◆ **The task**: Beginning with the line that contains "Kelley Blue Book", retype the entries below exactly, ending with the line that contains "Own a Beautiful". Leave out any pictures.

◆ **Material shown**:

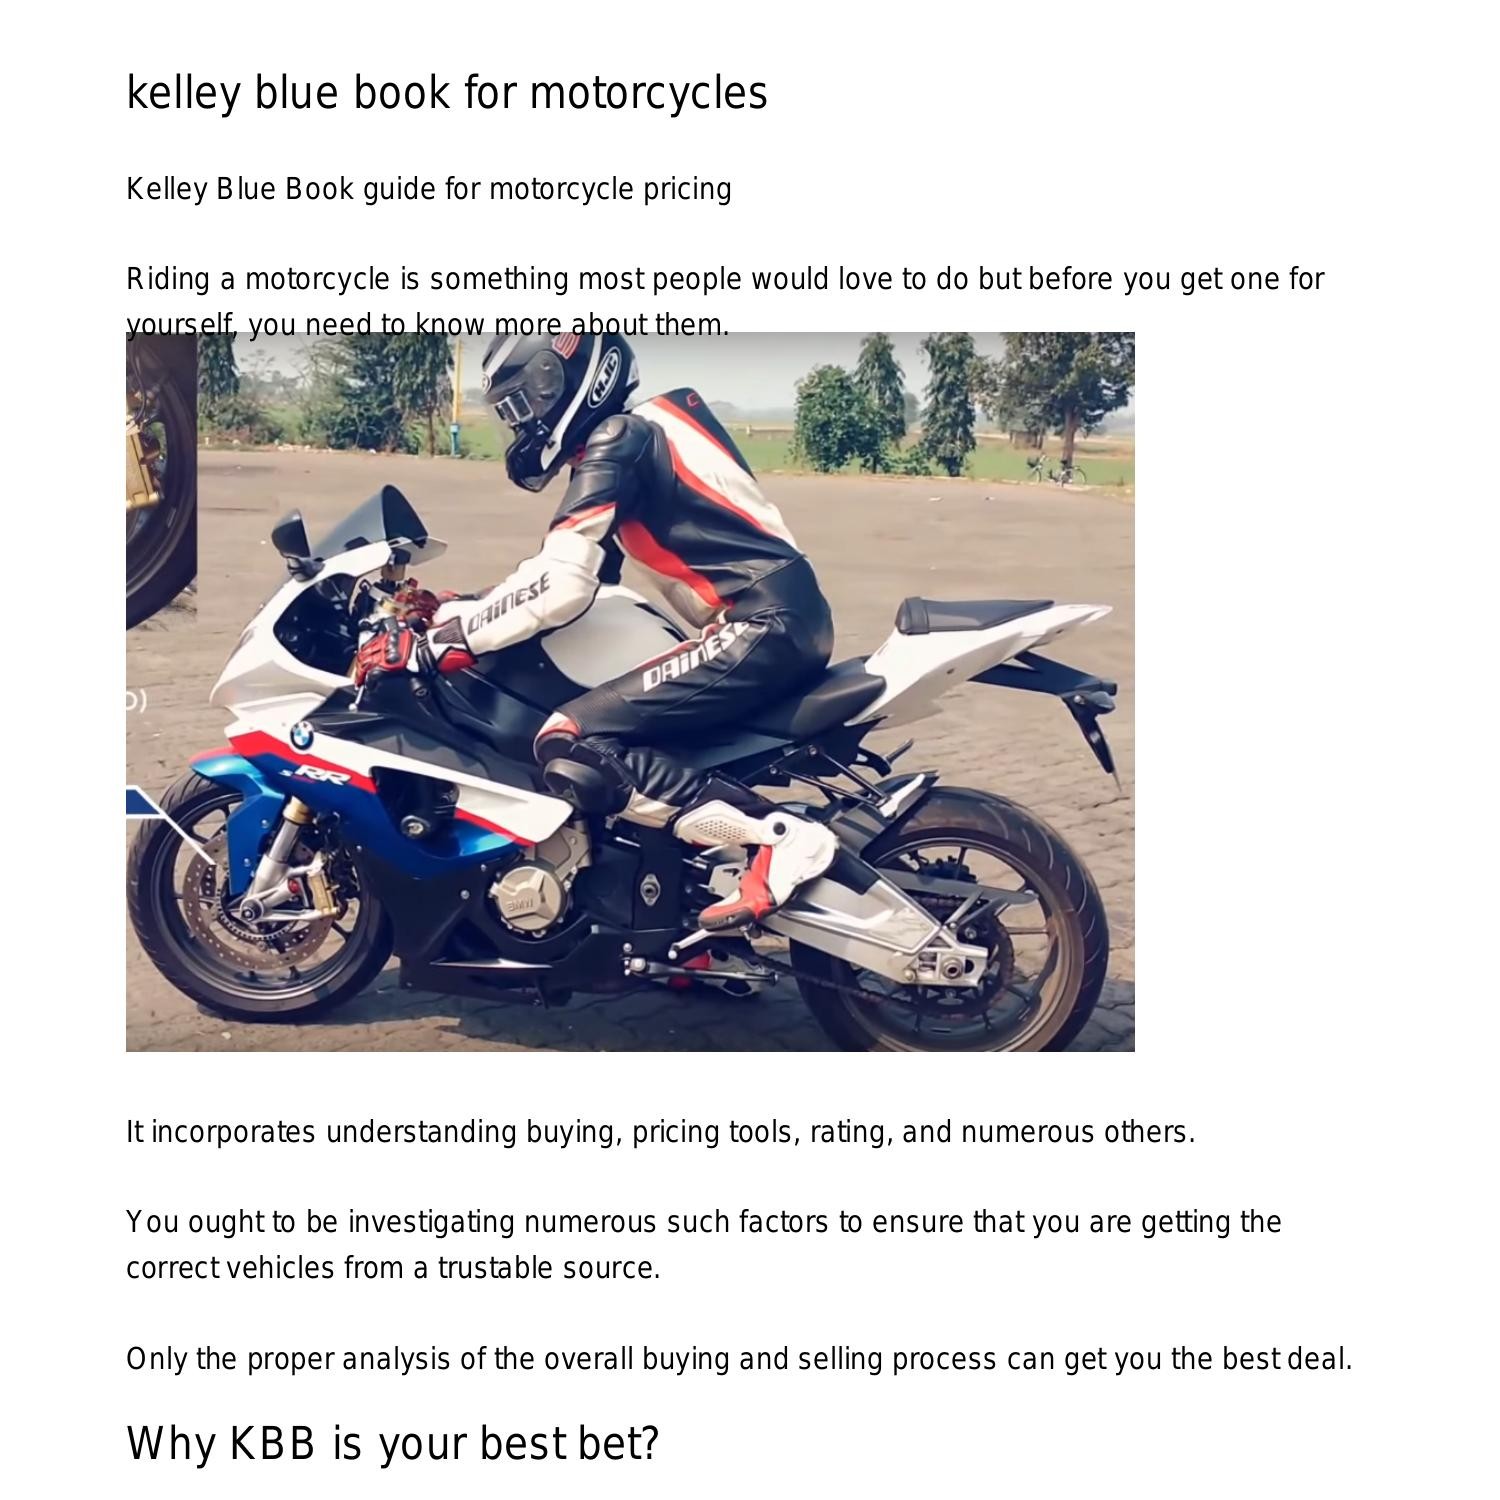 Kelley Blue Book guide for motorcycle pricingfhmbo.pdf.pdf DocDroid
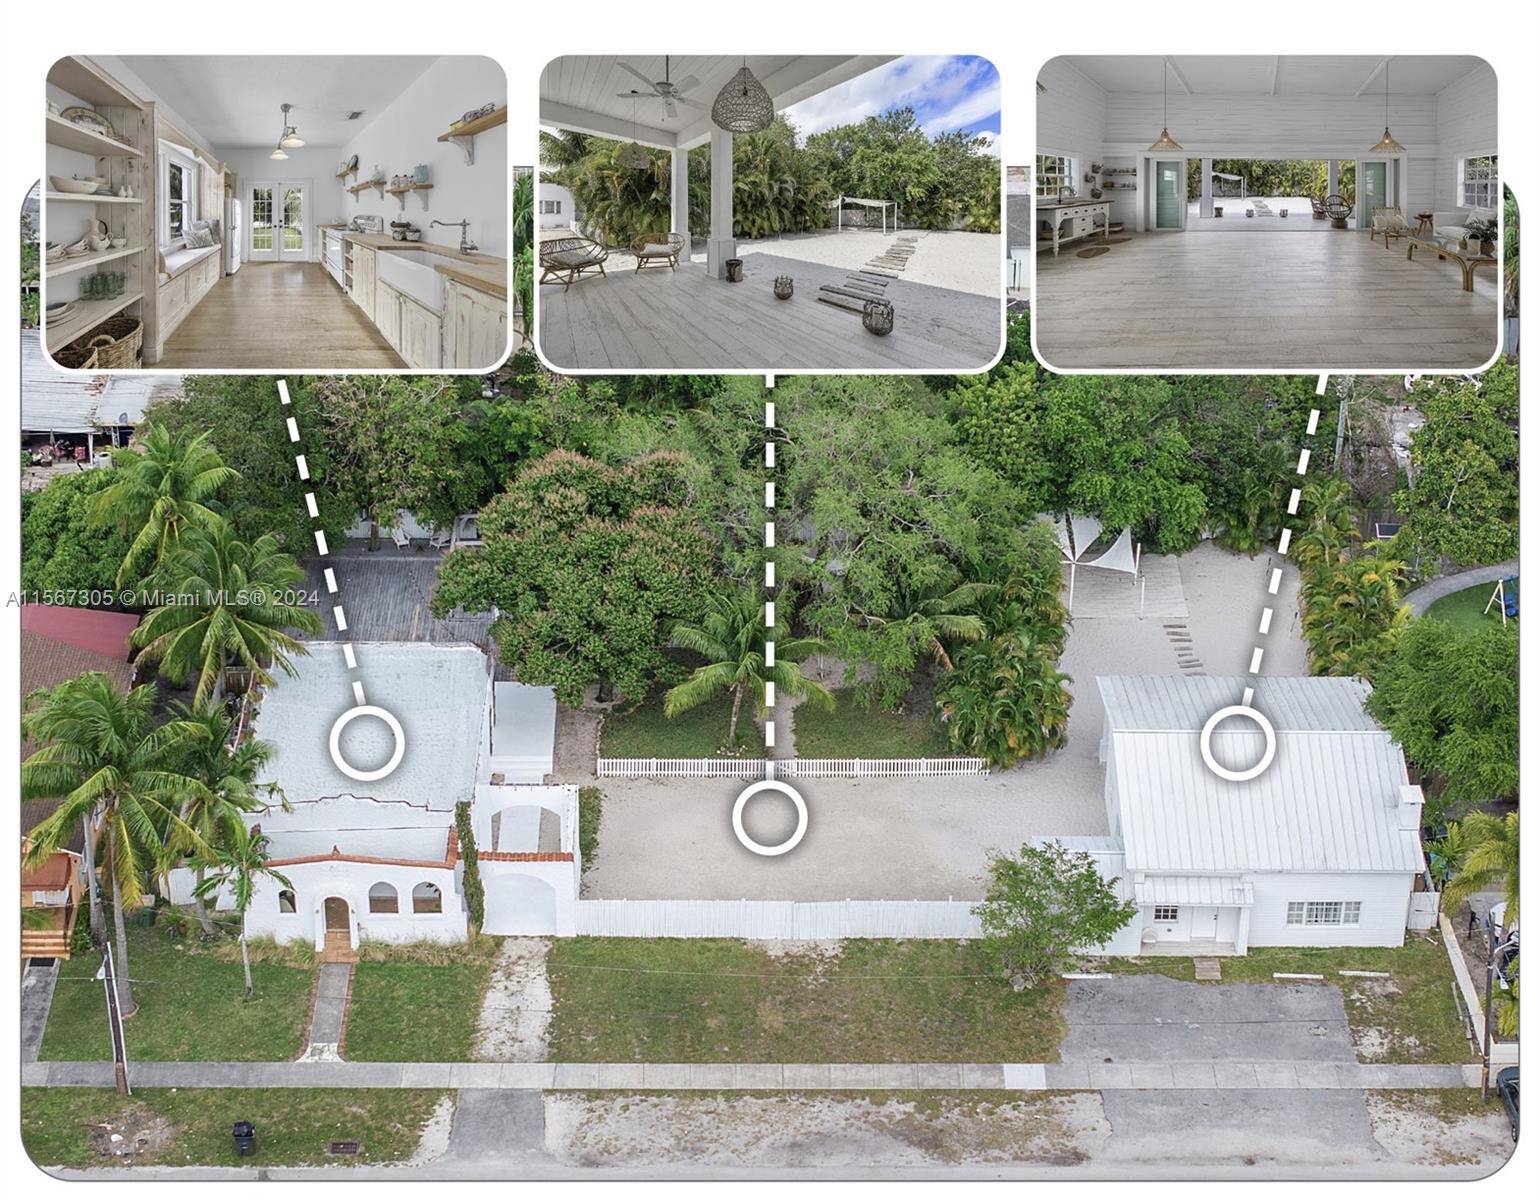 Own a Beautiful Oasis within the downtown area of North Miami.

* * *

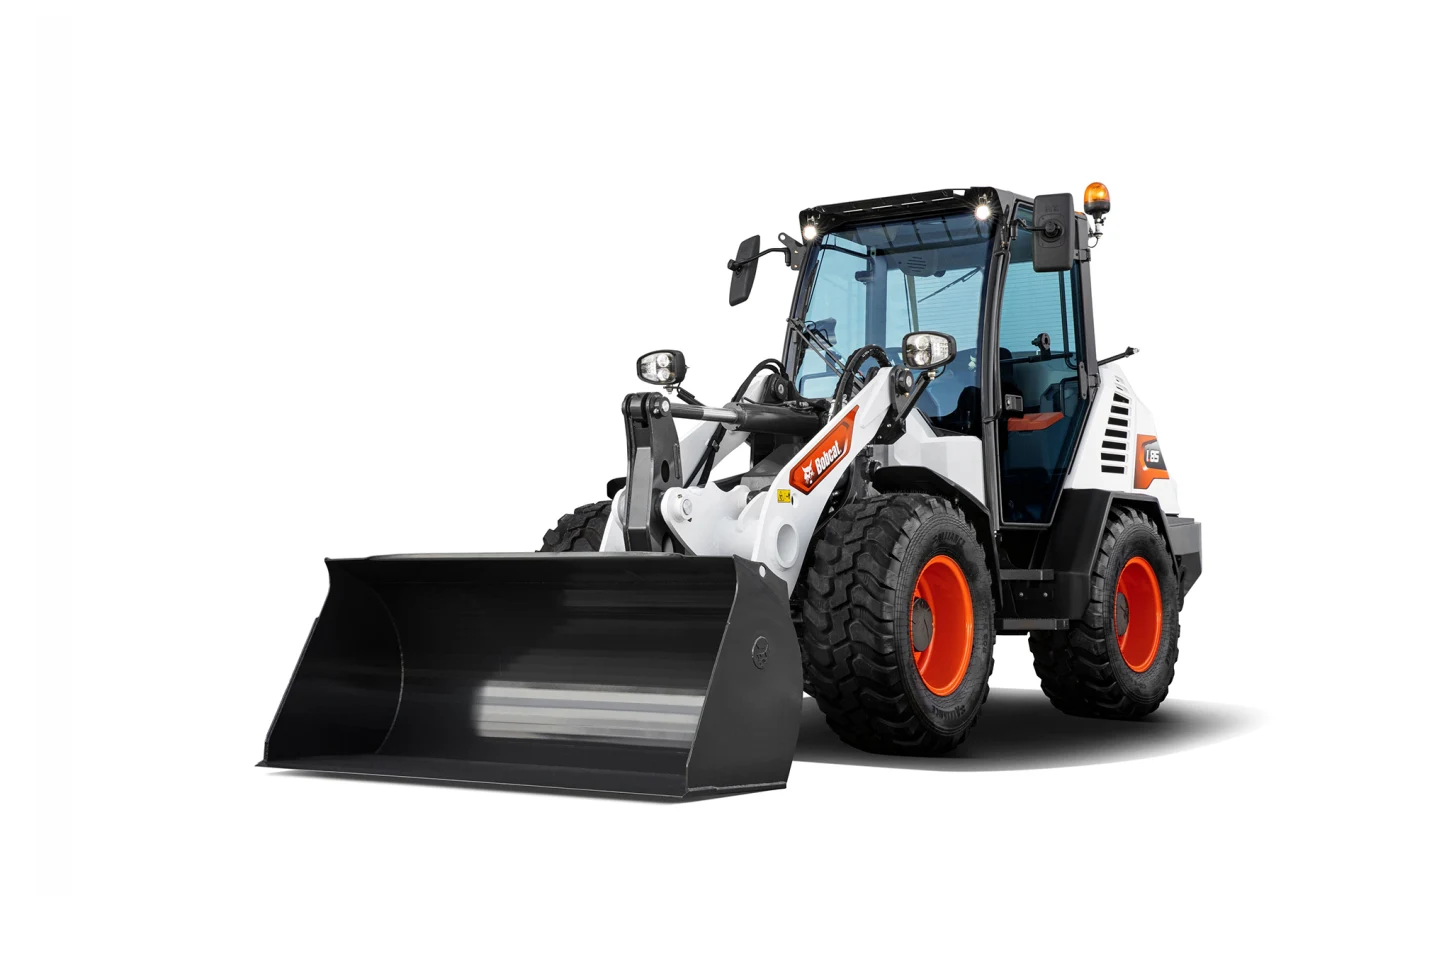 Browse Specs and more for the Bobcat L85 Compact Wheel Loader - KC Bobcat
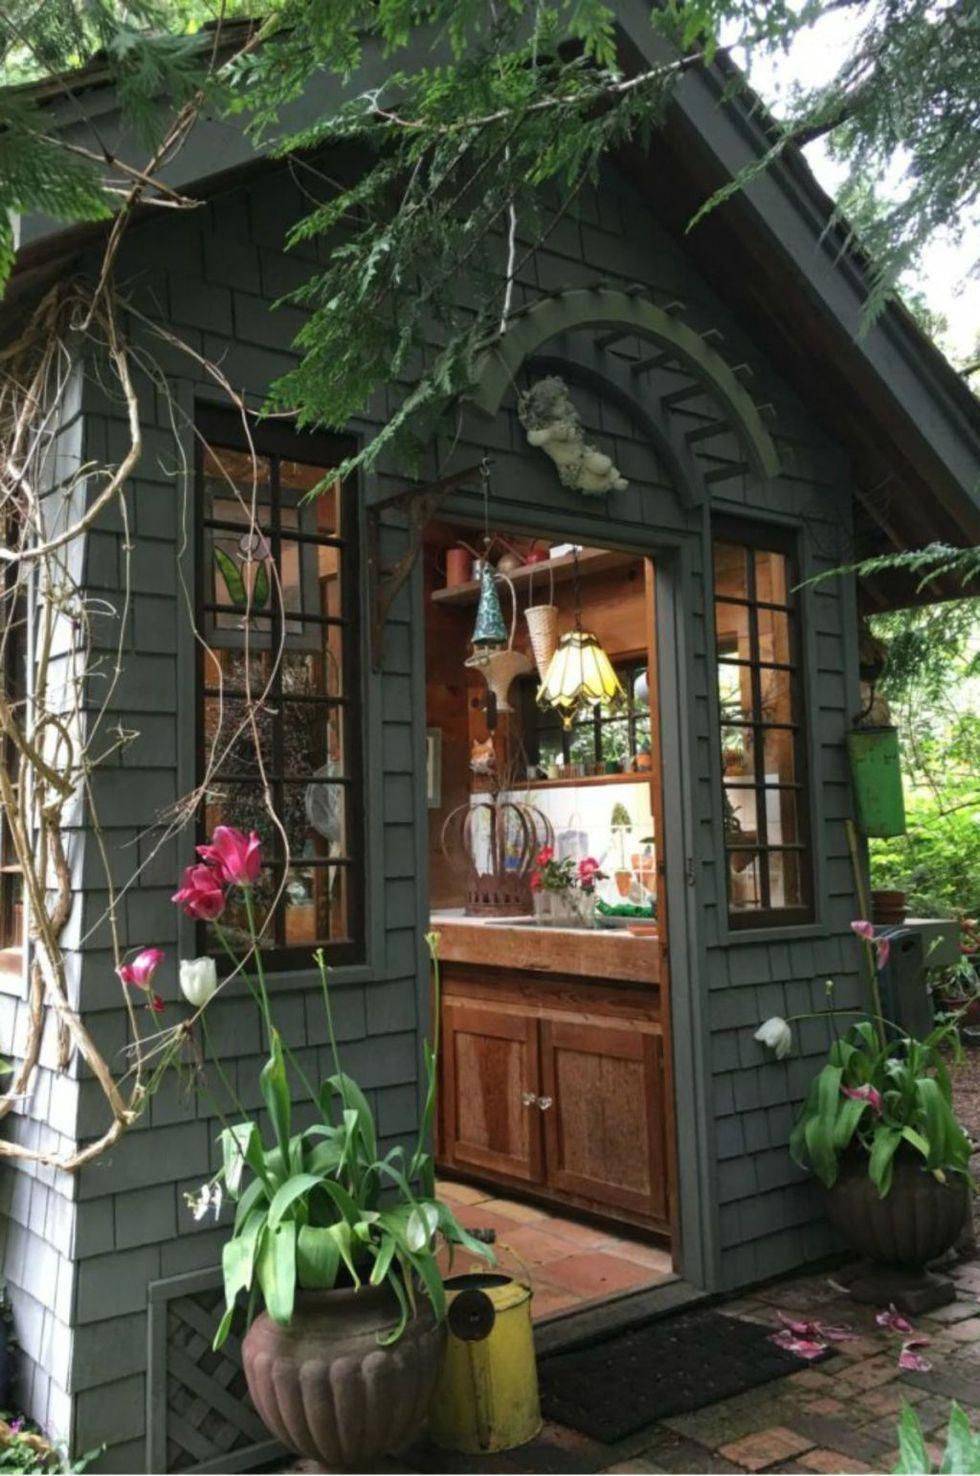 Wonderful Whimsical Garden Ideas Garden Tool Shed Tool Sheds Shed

◆ **Written response**:
 Kelley Blue Book guide for motorcycle pricingfhmbo.pdf.pdf DocDroid
 Own a Beautiful Oasis within the downtown area of North Miami.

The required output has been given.